In [11]:
%matplotlib inline
import matplotlib.pyplot as plt
import seaborn as sn
import pandas as pd
import numpy as np
import imp
from scipy.stats import theilslopes

sn.set_context('talk')

In [12]:
# Import custom functions
func_path = (r'C:\Data\James_Work\Staff\Heleen_d_W\ICP_Waters\TOC_Trends_Analysis_2015'
             r'\Python\icpw\toc_trends_analysis.py')

icpw = imp.load_source('toc_trends_analysis', func_path)

Rolling Sen's slope

Basic proof of concept for rolling Sen's slope idea.

Key questions:

  1. Is TOC increasing (and, if so, is the trend significant)?

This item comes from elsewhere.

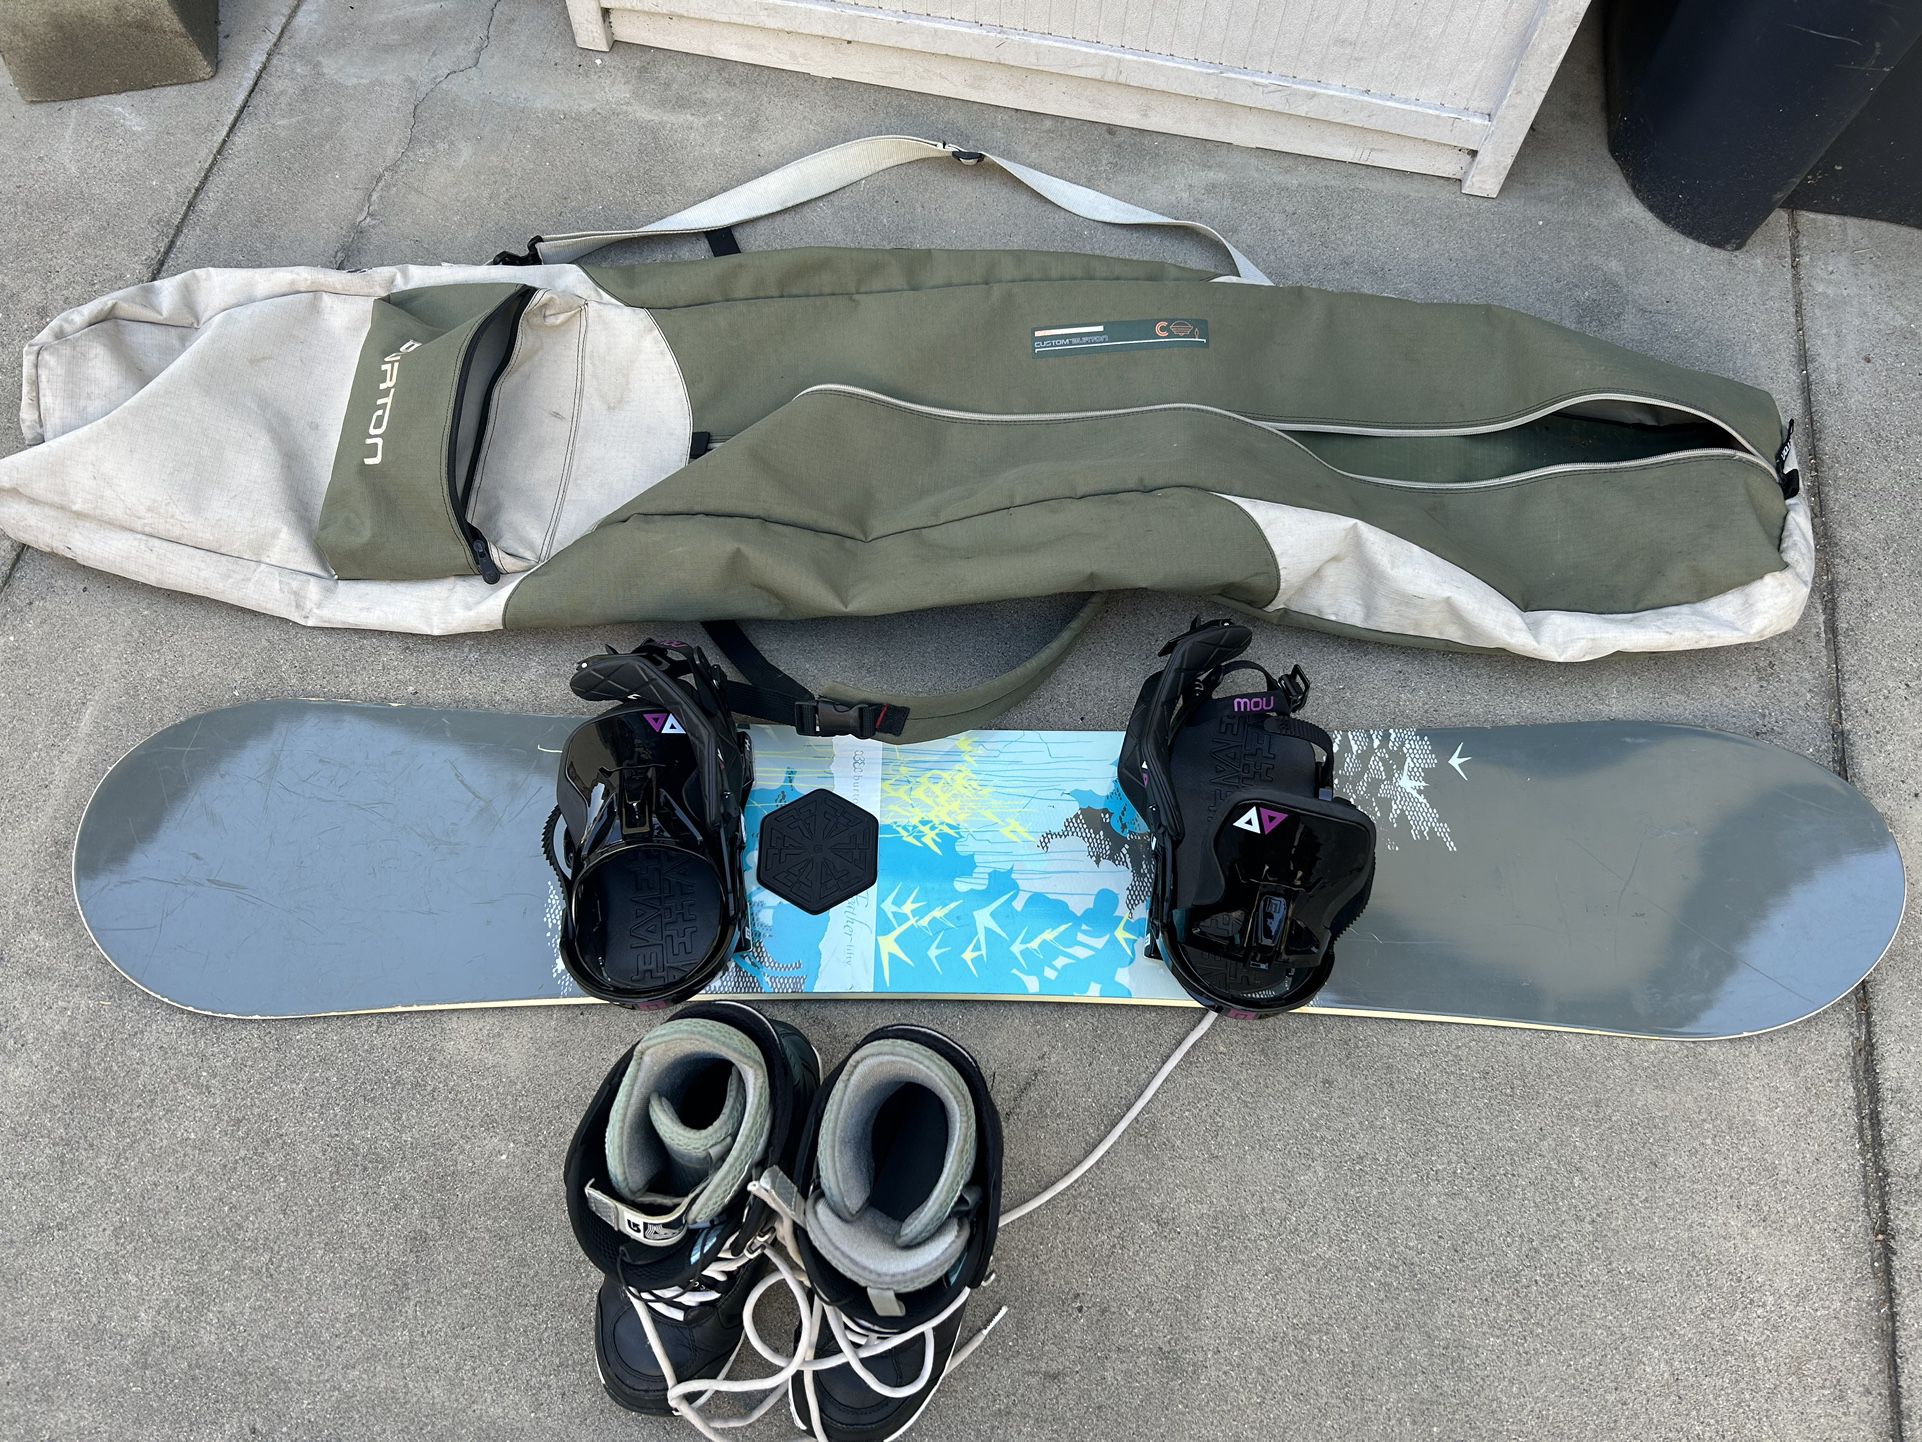 Snowboard, Boots, Binding and Bag

  2. Is the rate of increase slowing (and, if so, is the slowing trend significant)?

1. Generate fake data

First create some "toy" TOC data to experiment with. The data is noisy, but it initially increases rapidly and then levels off.


In [13]:
# Fake data
# Rising TOC, but *rise rate* decreasing through time
x = np.arange(1990, 2013)
y = np.log(1.5*(x-1989)) + np.random.uniform(low=0, high=1, size=len(x))
df = pd.DataFrame({'TOC':y}, index=x)
df.plot()


Out[13]:
<matplotlib.axes._subplots.AxesSubplot at 0x1fac1cf8>

2. Is TOC increasing?

We've already tested for this. Use Sen's slope to estimate the overall rate of change and then a Mann-Kendall test for significance.


In [14]:
# M-K test
res = icpw.mk_test(df['TOC'].values, 'test_stn', 'TOC')

print 'M-K test results: %s (p=%.4f)' % (res[4], res[3])

# Sen's slope
slp, intcp, lo, hi = theilslopes(y, x)

# Plot
y2 = slp*x + intcp
plt.plot(x, y)
plt.plot(x, y2)


M-K test results: increasing (p=0.0000)
Out[14]:
[<matplotlib.lines.Line2D at 0x1fba3a20>]

So there is an increasing overall trend (as we often find in our real data).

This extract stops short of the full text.